Public Health England (PHE) has come in for significant criticism during the Coronavirus pandemic, with the government frequent lambasting the organisation for poor advice and botched death statistics, leading the government to announce that they are replacing the organisation.
An agency of the Health and Social Care Department, Public Health England is largely responsible for the delivery of wider public health services in the UK, dealing with coordinating responses to issues from substance misuse to advising on public policy.
Since the Coronavirus pandemic, the agency has come under fire for a lack of solid advice to government ministers and for maculating data on COVID-related deaths, revising down their statistics by 5,000 following a review. The original data recorded anyone who had died following a positive test result, however, the revised figures meant that after 28 days it would no longer be considered COVID-related.
This was following criticism from the government that individuals who had tested positive for the virus but died of different and unrelated causes were being considered COVID-deaths, inflating the number of causalities.
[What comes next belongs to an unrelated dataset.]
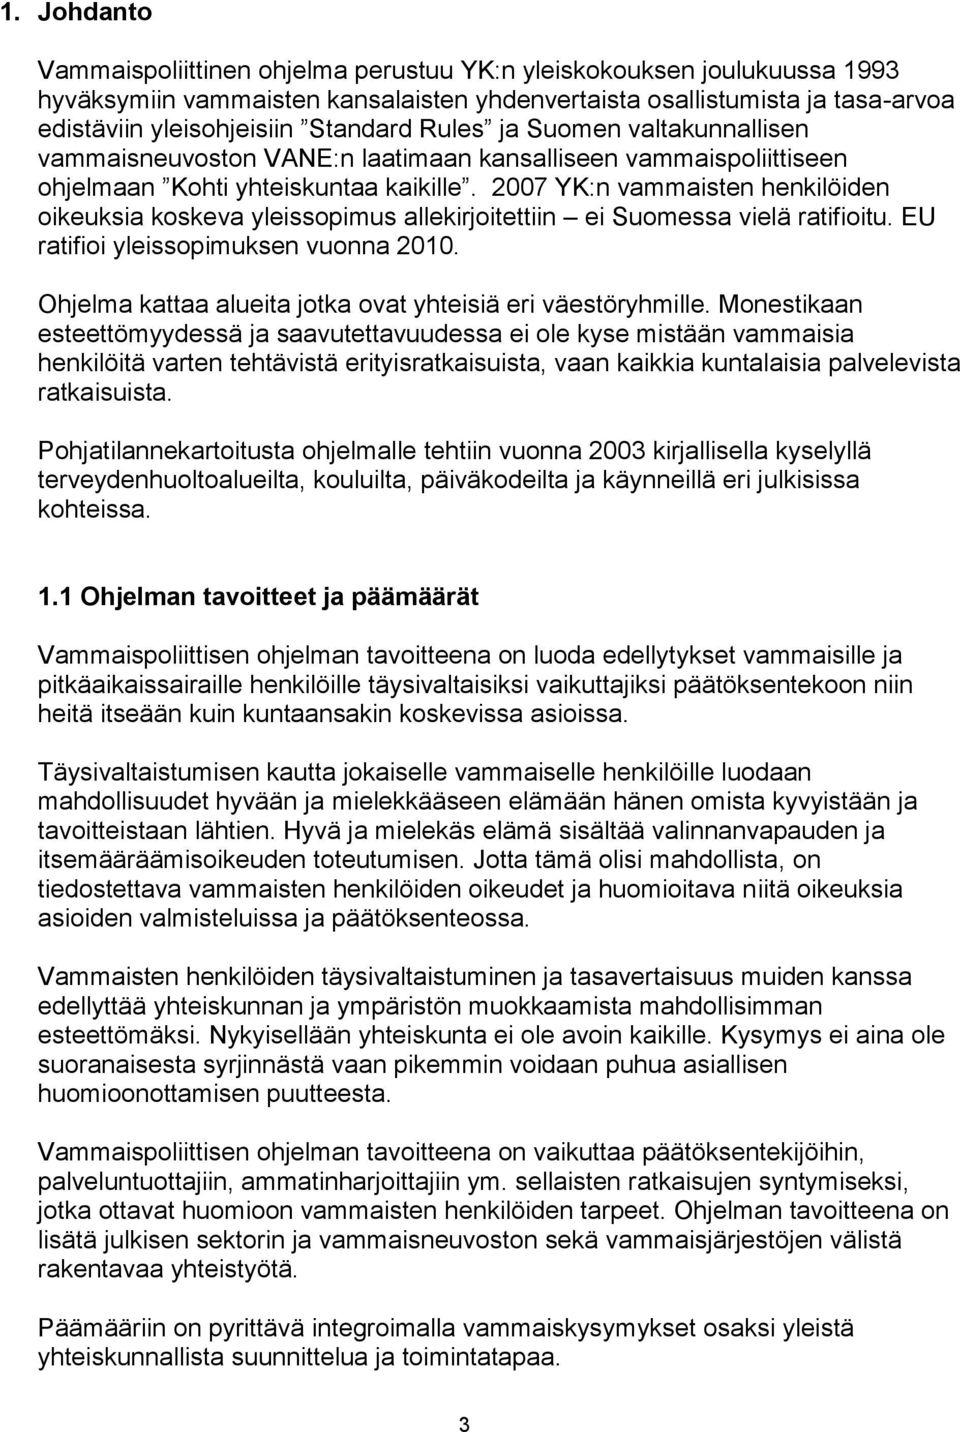 2007 YK:n vammaisten henkilöiden oikeuksia koskeva yleissopimus allekirjoitettiin ei Suomessa vielä ratifioitu. EU ratifioi yleissopimuksen vuonna 2010.

The new methodology is considered more in line with that of the rest of Europe.
PHE has been partly viewed as a government scapegoat – in response to amongst the world’s worst death rates – but the pandemic has revealed some flaws within the organisation that have prompted the decision to replace it.
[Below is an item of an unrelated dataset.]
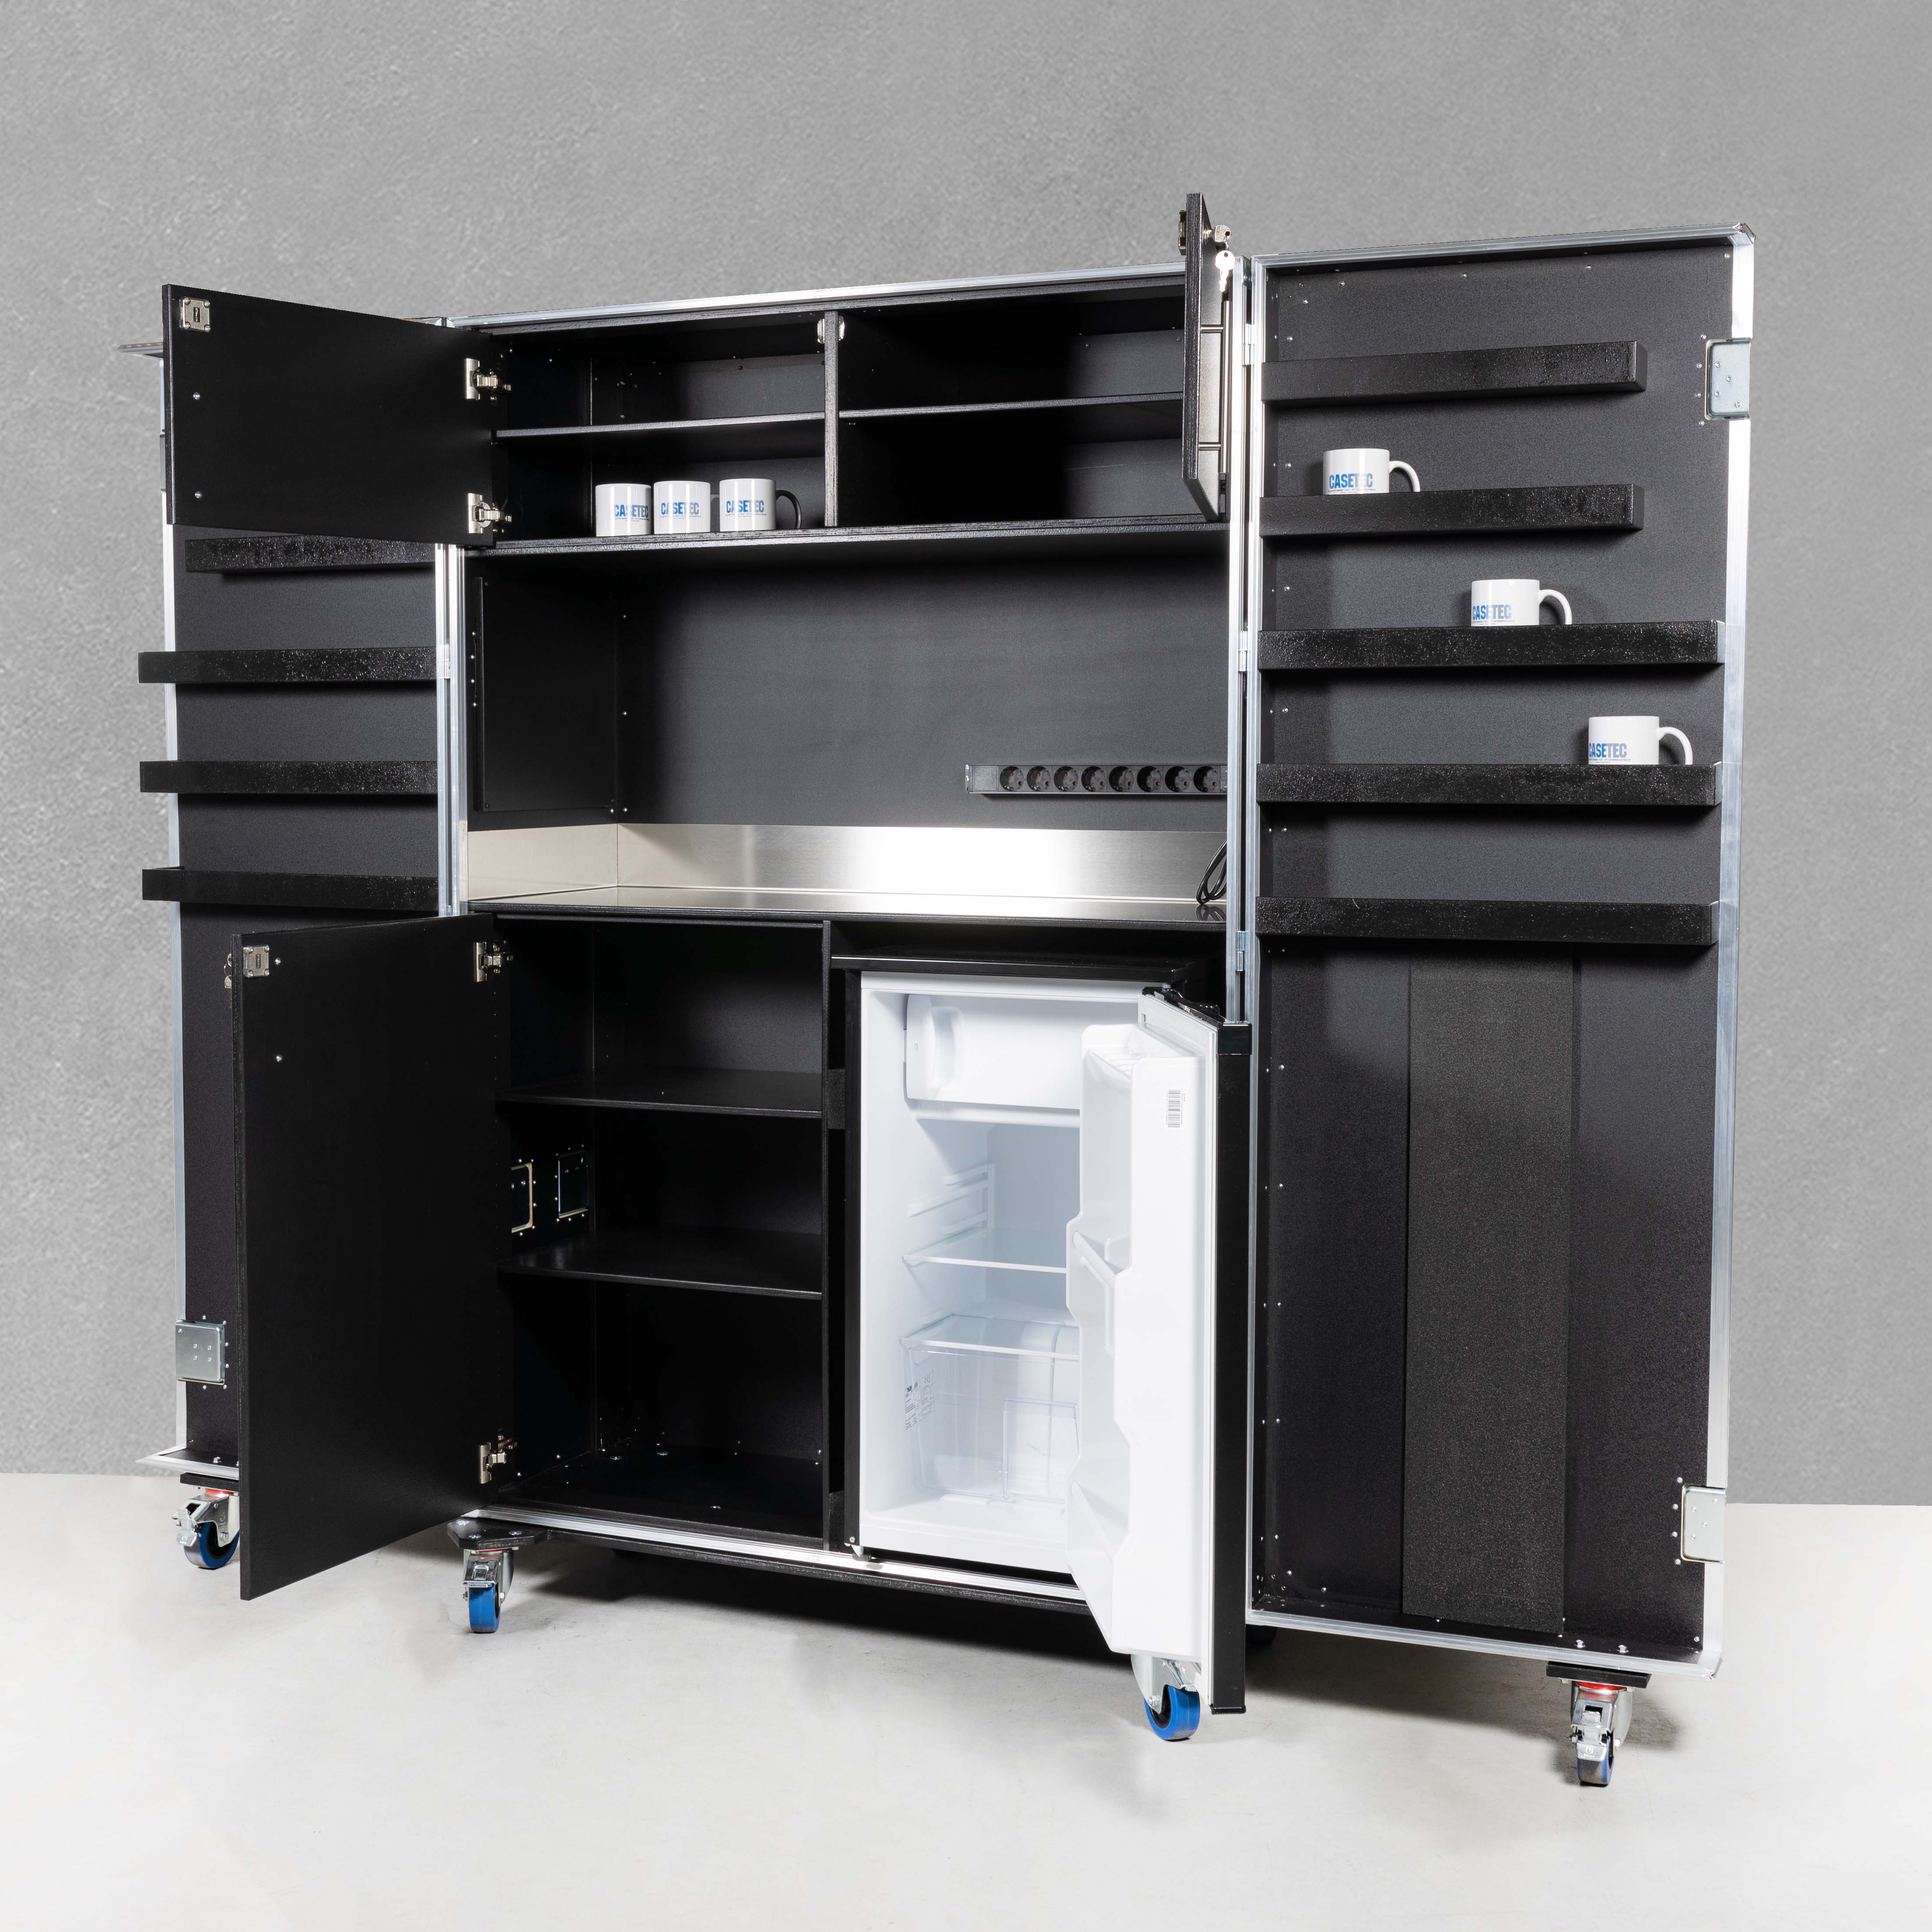 Küchencase/Cateringcase mit Edelstahlarbeitsfläche und Kühlschrankfach

Instead, the government wish to create a new National Institute for Health Protection, which will combine several health agencies under one banner, hoping to streamline the coordination of responses to national health crises and pandemic diseases.
Although this seems a noble aim, the government have been heavily criticised for using PHE as a scapegoat for the pandemic response, whilst the decision to replace the agency was taken behind closed doors, resulting in fears that it will be a political department close to government ministers.
The decision to appoint Dido Harding – a Conservative Peer and wife of a Conservative MP – has raised significant concerns that the department will be at the behest of the government and not properly independent.
The new organisation called the National Institute for Health Protection (NIHP) will absorb the track and trace system for Coronavirus, with Health Secretary, Matt Hancock, stating that PHE was not suitable for running a nationwide track and trace system.
The government have admitted that their response to the virus was slow, with the prime minister calling it “sluggish”, but it is widely expected that the buck for the slow response is being passed by ministers to PHE.
According to the Financial Times, the delayed response to the pandemic was only partly the result of failings within PHE, with an instinct to centralise and significant government cuts leading to the policy failures.
It remains to be seen whether the new NIHP will be a more effective agency at dealing with some evident failings within Public Health England, but the concerns about the government’s motivations for their decision will not be likely to dissipate soon.